Mercurial > hg > smacpy

#!/bin/env python
#
# smacpy - simple-minded audio classifier in python
#
# Copyright (c) 2012 Dan Stowell and Queen Mary University of London
#
# Permission is hereby granted, free of charge, to any person obtaining a copy of this software and associated documentation files (the "Software"), to deal in the Software without restriction, including without limitation the rights to use, copy, modify, merge, publish, distribute, sublicense, and/or sell copies of the Software, and to permit persons to whom the Software is furnished to do so, subject to the following conditions:
#
# The above copyright notice and this permission notice shall be included in all copies or substantial portions of the Software.
#
# THE SOFTWARE IS PROVIDED "AS IS", WITHOUT WARRANTY OF ANY KIND, EXPRESS OR IMPLIED, INCLUDING BUT NOT LIMITED TO THE WARRANTIES OF MERCHANTABILITY, FITNESS FOR A PARTICULAR PURPOSE AND NONINFRINGEMENT. IN NO EVENT SHALL THE AUTHORS OR COPYRIGHT HOLDERS BE LIABLE FOR ANY CLAIM, DAMAGES OR OTHER LIABILITY, WHETHER IN AN ACTION OF CONTRACT, TORT OR OTHERWISE, ARISING FROM, OUT OF OR IN CONNECTION WITH THE SOFTWARE OR THE USE OR OTHER DEALINGS IN THE SOFTWARE.

import os.path
import numpy as np
import argparse
from glob import glob
from scikits.audiolab import Sndfile
from scikits.audiolab import Format
from sklearn.mixture import GMM
import csv

from MFCC import melScaling

#######################################################################
# some settings
framelen = 1024
fs = 44100.0
verbose = True

#######################################################################
# main class

class Smacpy:
	"""Smacpy - simple-minded audio classifier in python. See the README file for more details.

	USAGE EXAMPLE:
	In this hypothetical example we train on four audio files, labelled as either 'usa' or 'uk', and then test on a separate audio file of someone called hubert:

	from smacpy import Smacpy
	model = Smacpy("wavs/training", {'karen01.wav':'usa', 'john01.wav':'uk', 'steve02.wav':'usa', 'joe03.wav':'uk'})
	model.classify('wavs/testing/hubert01.wav')

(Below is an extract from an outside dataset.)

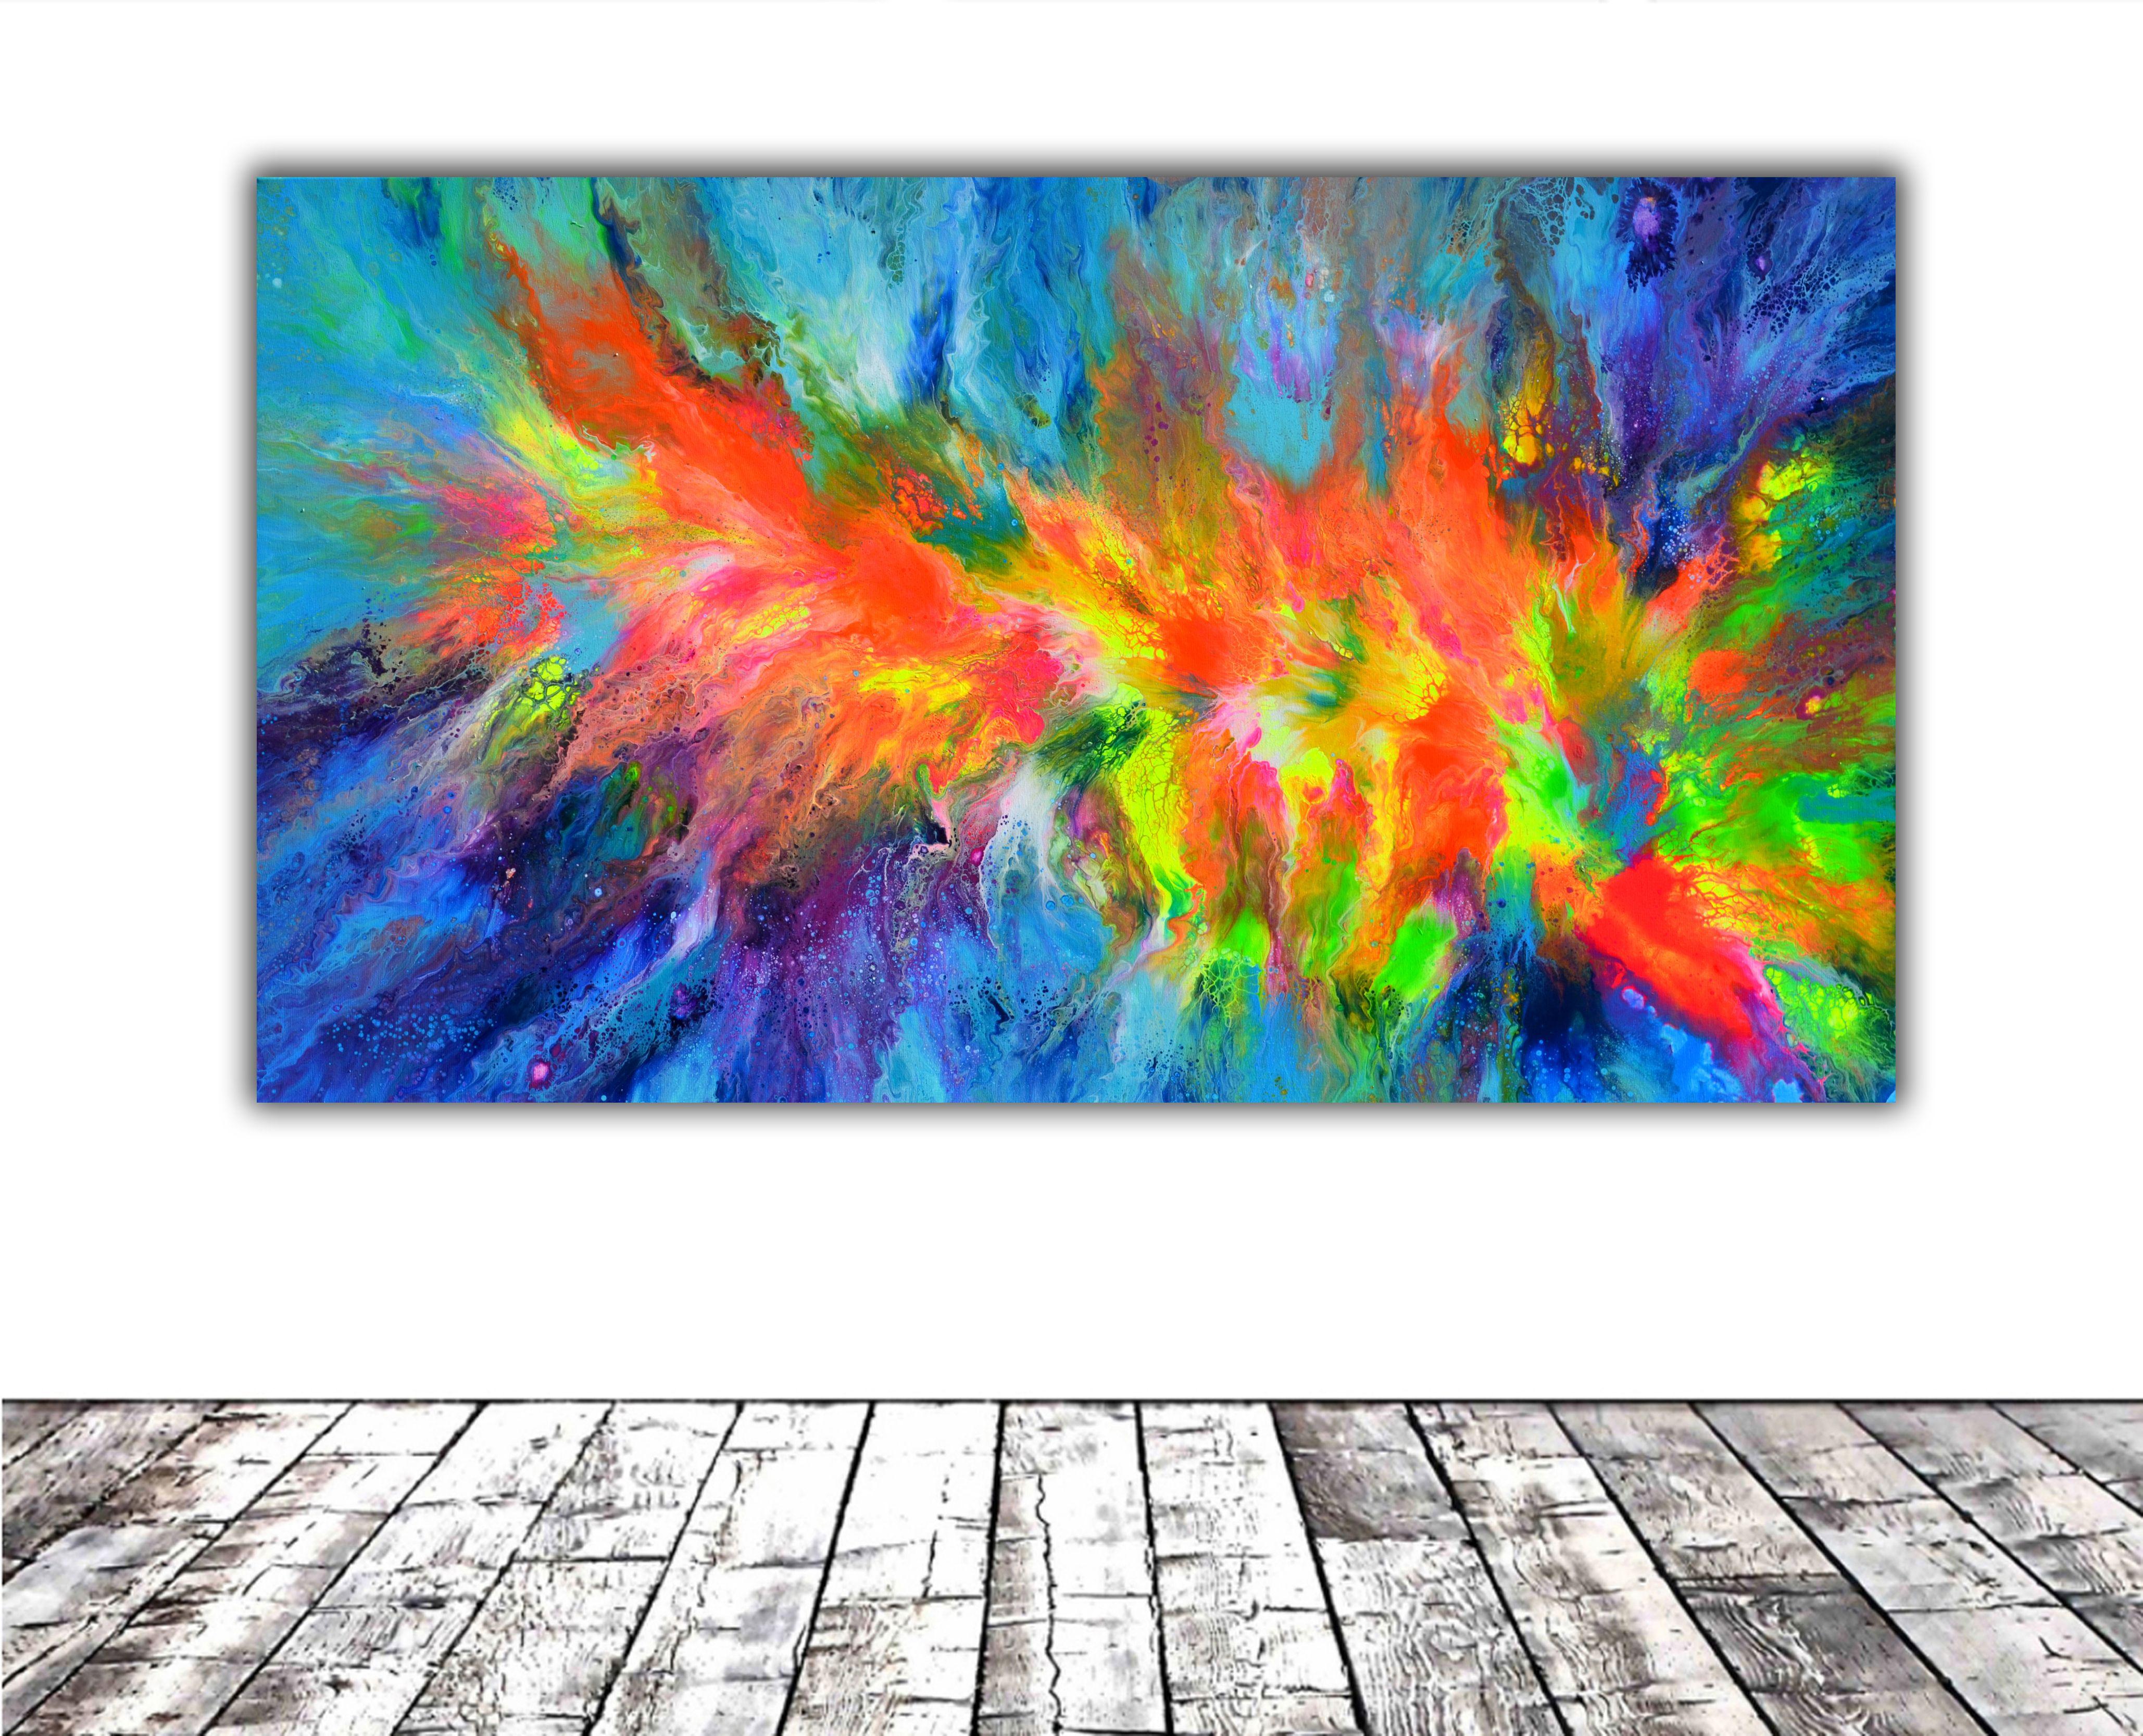 Ready to hang with the edges painted - 3D GALLERY QUALITY  Size: 140x80X4 cm, 55.12x31.5x1.6 inches.  A very colourful piece of art, as a focal point it will bring a large space to life. Some colours could not be caught by the camera.  Will be

	Note for developers: this code should aim to be understandable, and not too long. Don't add too much functionality, or efficiency ;)
	"""

	def __init__(self, wavfolder, trainingdata):
		"""Initialise the classifier and train it on some WAV files.
		'wavfolder' is the base folder, to be prepended to all WAV paths.
		'trainingdata' is a dictionary of wavpath:label pairs."""

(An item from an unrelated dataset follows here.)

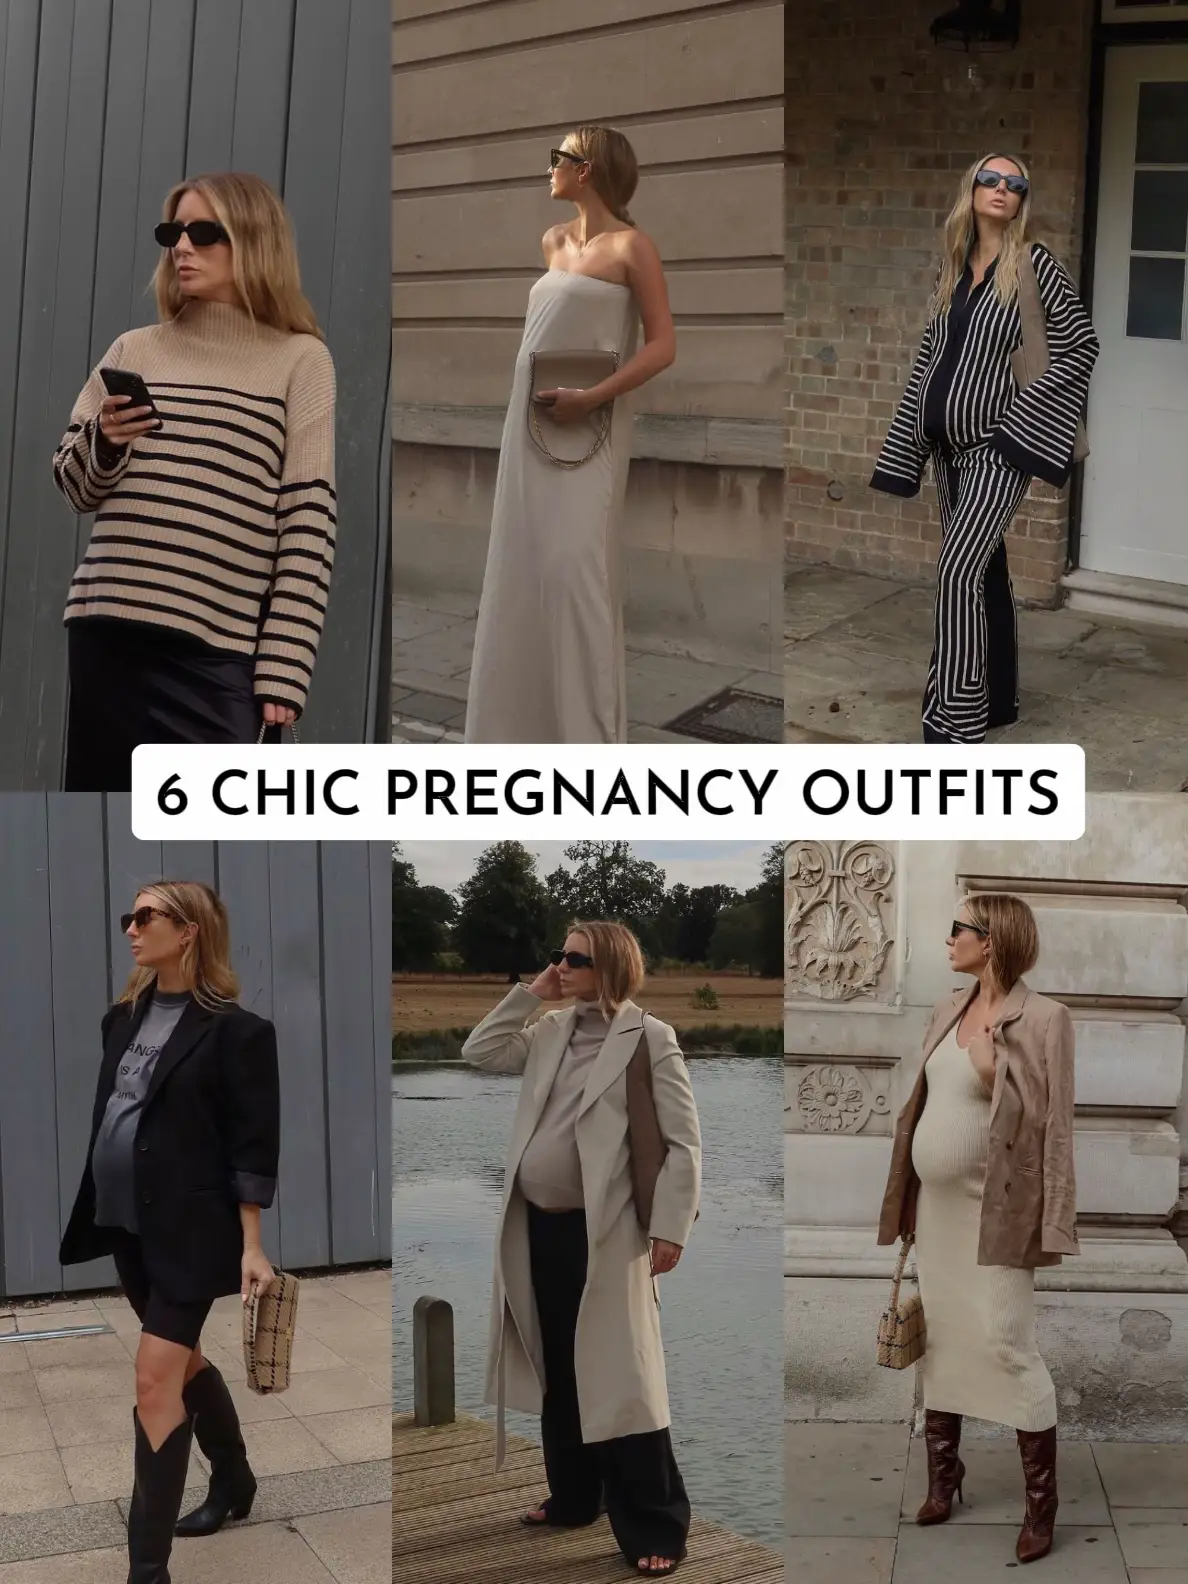 6 CHIC PREGNANCY OUTFITS, Gallery posted by Jessicaharris
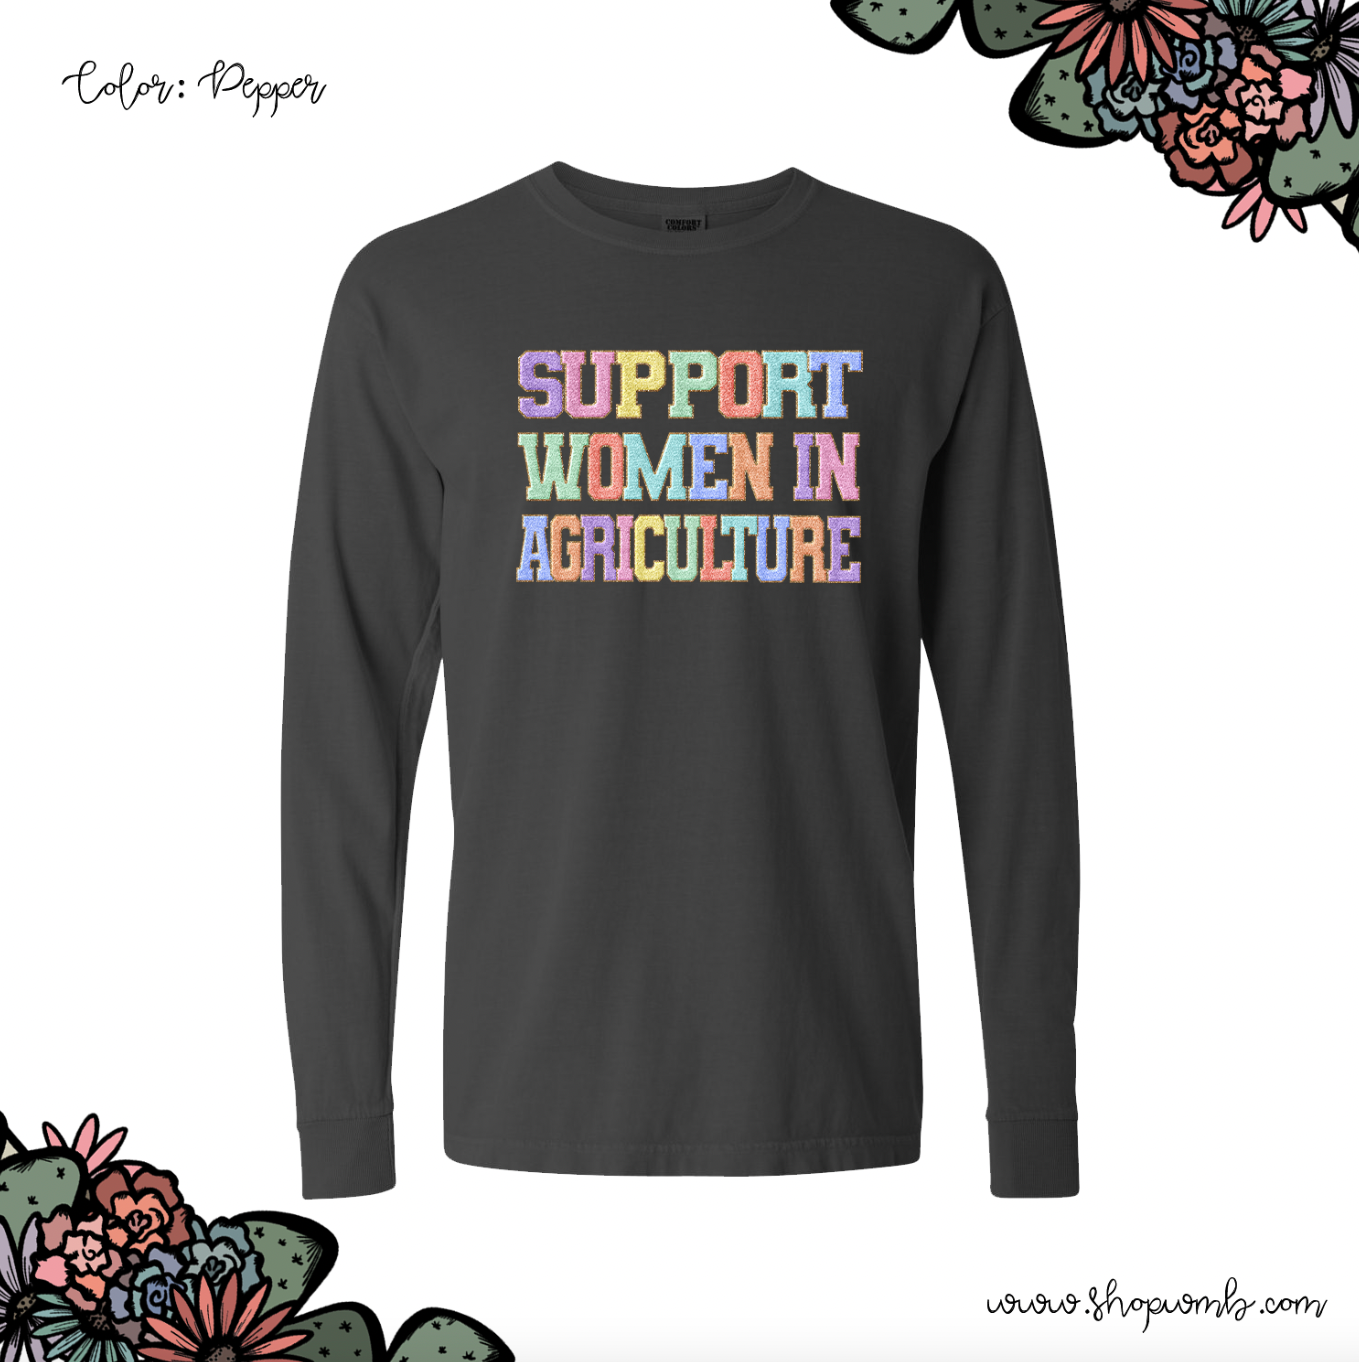 Faux Chenille Support Women In Agriculture LONG SLEEVE T-Shirt (S-3XL) - Multiple Colors!

		self.mfccMaker = melScaling(int(fs), framelen/2, 40)
		self.mfccMaker.update()

		allfeatures = {wavpath:self.file_to_features(os.path.join(wavfolder, wavpath)) for wavpath in trainingdata}

		# Determine the normalisation stats, and remember them
		allconcat = np.vstack(list(allfeatures.values()))
		self.means = np.mean(allconcat, 0)
		self.invstds = np.std(allconcat, 0)
		for i,val in enumerate(self.invstds):
			if val == 0.0:
				self.invstds[i] = 1.0
			else:
				self.invstds[i] = 1.0 / val

		# For each label, compile a normalised concatenated list of features
		aggfeatures = {}
		for wavpath, features in allfeatures.items():
			label = trainingdata[wavpath]
			normed = self.__normalise(features)
			if label not in aggfeatures:
				aggfeatures[label] = normed
			else:
				aggfeatures[label] = np.vstack((aggfeatures[label], normed))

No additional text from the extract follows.